Vargas has mainly fought at 147 pounds, where he is best known for his loss to Manny Pacquiao, his draw against Adrien Broner and a controversial loss to Tim Bradley that saw him stun “Desert Storm” in the final round and press for a knockout, only for the referee to mistake the 10-second warning as the final bell. He stopped Humberto Soto in his most recent outing, which served as his 154-pound debut. Munguia was believed to be a 154-pound destroyer who was going to run the division before moving up to middleweight. Instead, he has only one stoppage win since his breakout performance over Sadam Ali on HBO, and when he was mentioned as a possible opponent for GGG -- he was rejected as a potential GGG opponent by the Nevada State Athletic Commission in early 2018 -- social media mocked Golovkin for the cupcake matchup. Munguia needs a strong performance to regain his momentum and his prestige.

In what would also be an excellent pairing of undefeated fighters, Devin Haney will supposedly meet Zaur Abdallaev on Sept. 14. It would mark significant rise in Haney’s degree of difficulty.

Torn Berto Biceps Nixes Cruz Clash

Andre Berto is now 35 years old, so anytime he pulls out of a fight with an injury, people are going to say it was because he is old, shot and his body does not recover like it did when he was in his 20s. That was the case once again, when a torn biceps led to Berto’s withdrawal from an Aug. 3 fight with Miguel Cruz.

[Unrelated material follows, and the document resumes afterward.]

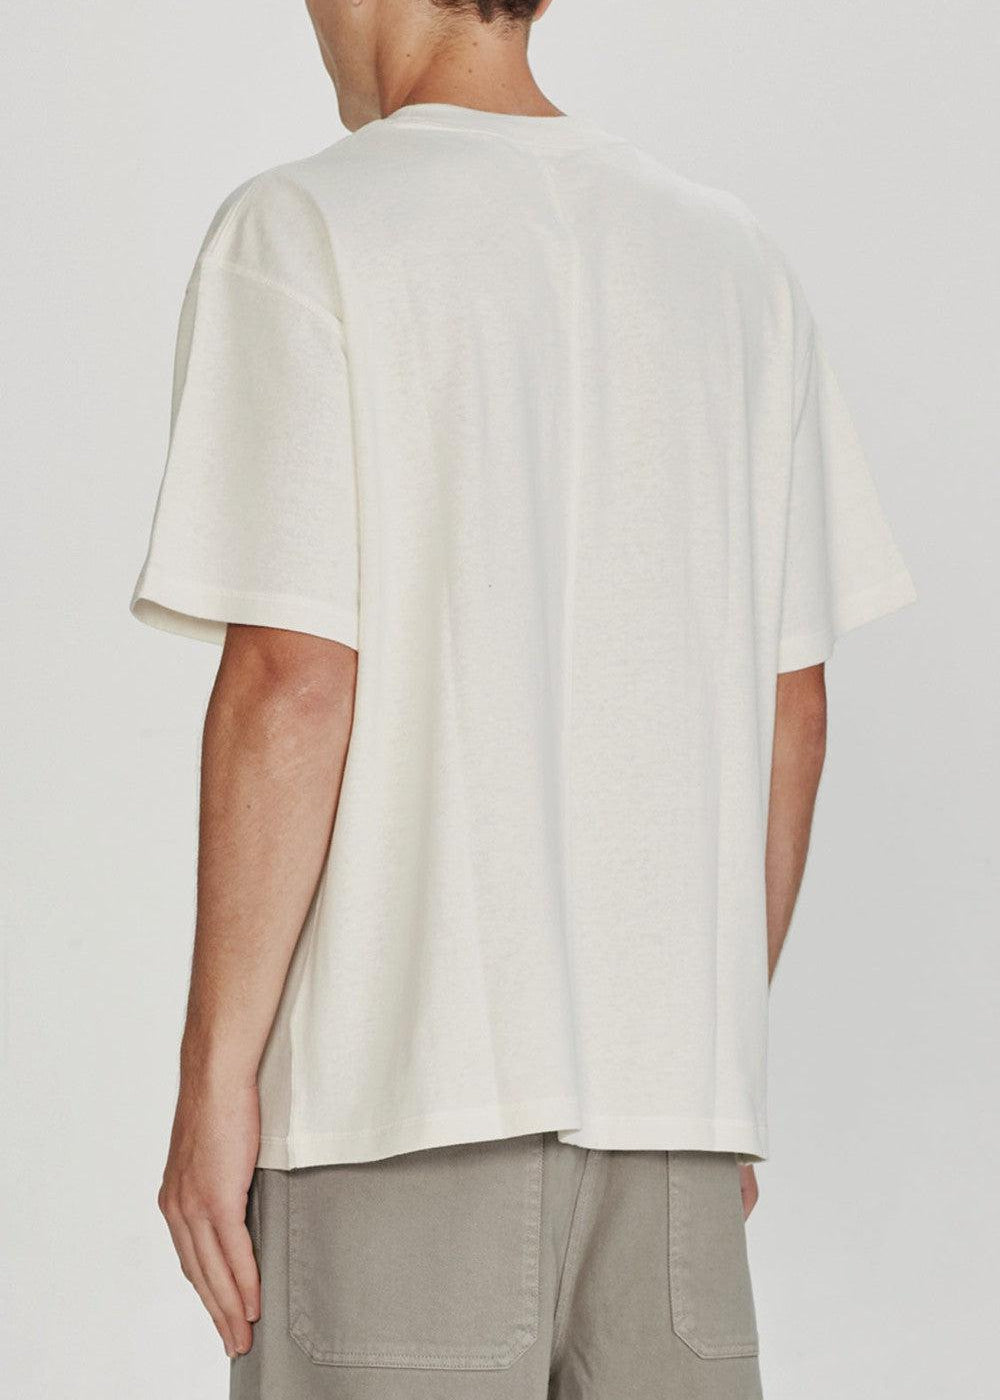 Commoners Hemp Jersey SS Tee - Rice White | COMMONERS | Mad About The Boy
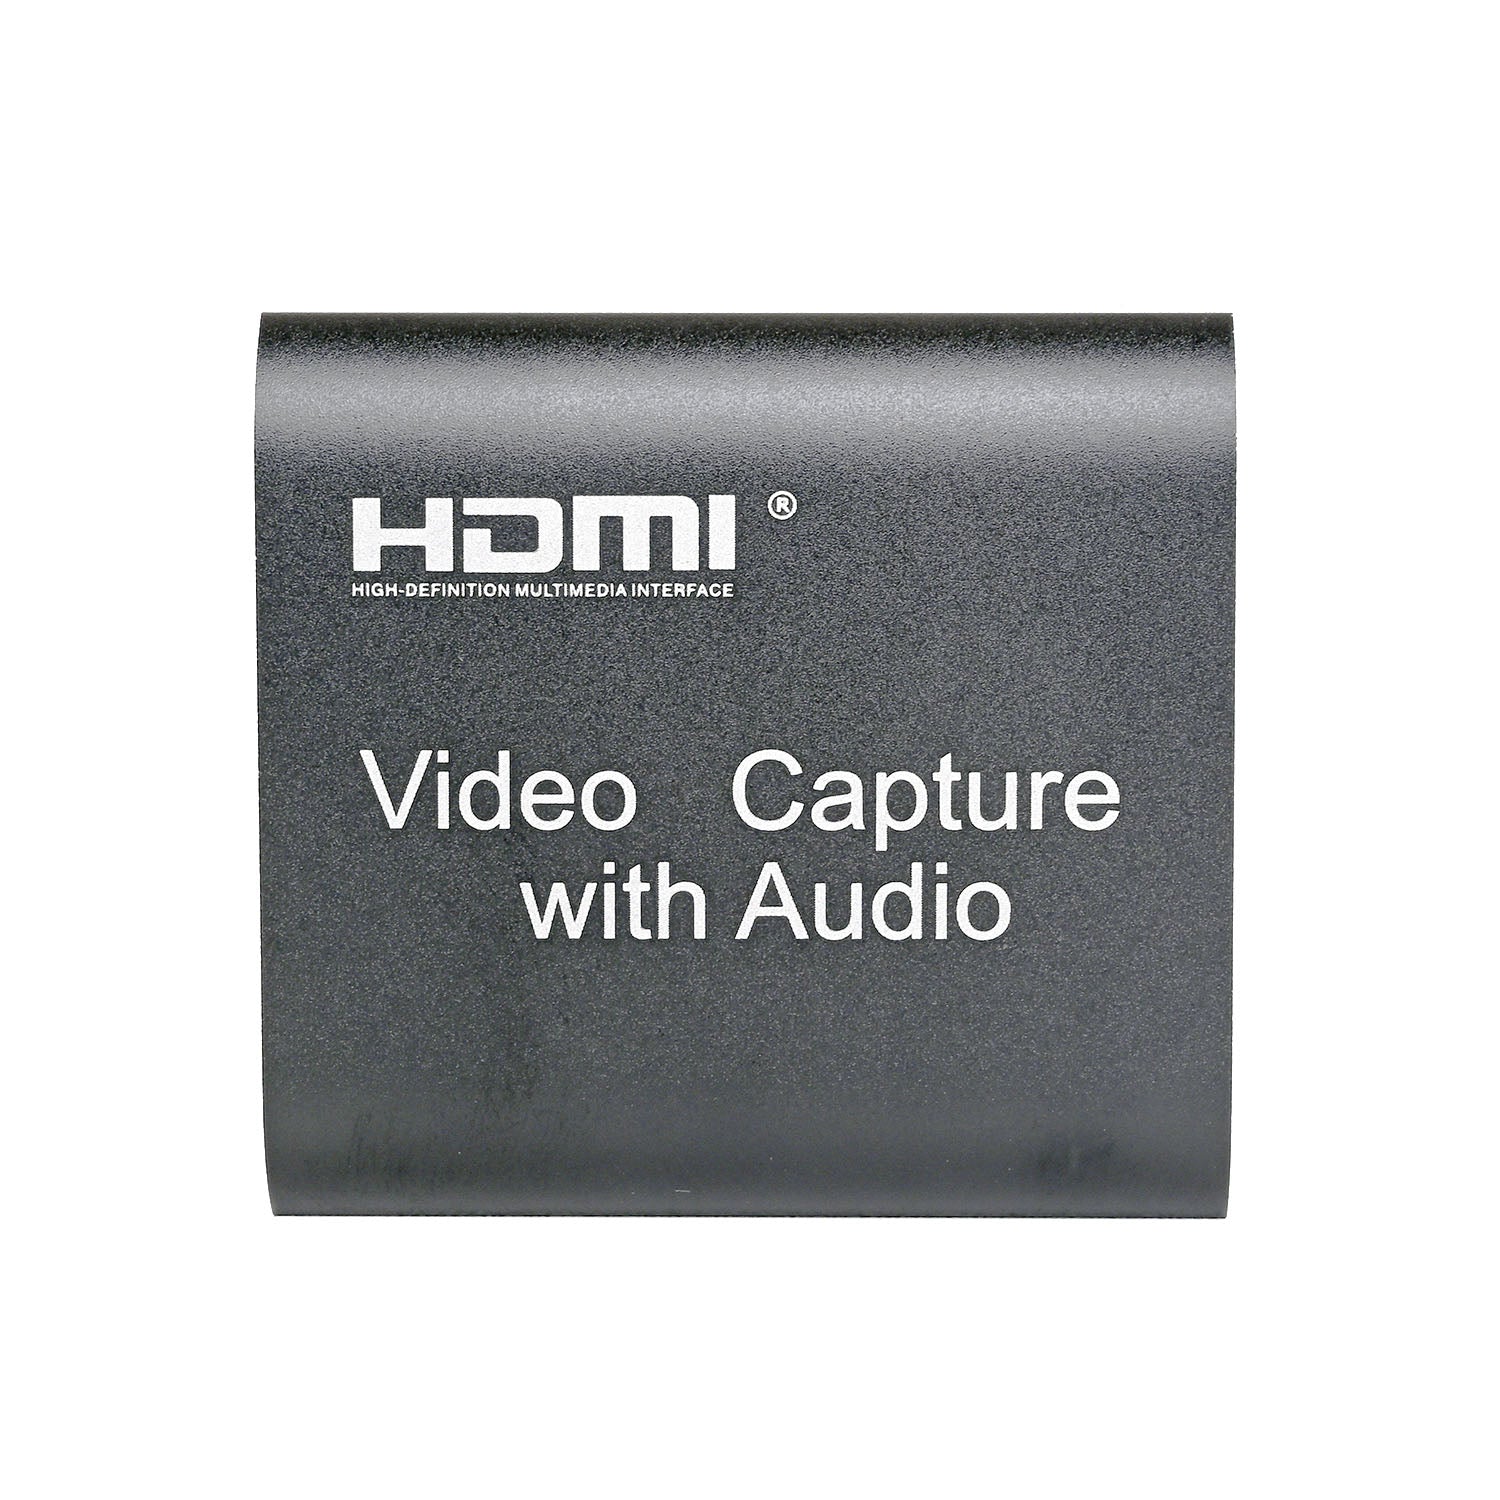 HDMI Video Capture with Audio USB 3.0

Kovalev Removed from Plane for Forcibly Kissing Woman

If you thought fellow boxers would learn from the mess in which Kubrat Pulev found himself for forcibly kissing a reporter, you thought wrong. Ahead of his Aug. 24 fight against Anthony Yarde, on a flight from Florida to California, Sergey Kovalev allegedly held a woman’s hands down, kissed her and then threw money at her. She was seen crying after the incident, and the pilot reportedly had to get involved to have Kovalev removed from the flight. There were no arrests, and no further investigation is planned, but Kovalev nearly put his fight in jeopardy and gave the sport of boxing yet another black eye.

Whyte Apparently Passed VADA Tests, Failed UKAD Screen

Dillian Whyte’s positive drug test for his matchup against Oscar Rivas apparently resulted from a UK Anti-Doping screen, even though he passed every Voluntary Anti-Doping Association test. This muddies the water and actually brings up more questions than it answers. For years, we have been told that VADA is the “gold standard” of drug testing, so the outcome of this issue is monumental.

If it is found that Whyte managed to sneak his doping past VADA, then the “gold standard” will have been fool’s gold all along. While letting Whyte fight Rivas after he failed a drug test would be controversial, there would be a realization that the passed-every-VADA-test-and-demanded-VADA-testing-for-the-fight narrative fighters use to convince us they are not using PEDs has been useless all along. It would have dire ramifications for the sport and for many fighters’ legacies.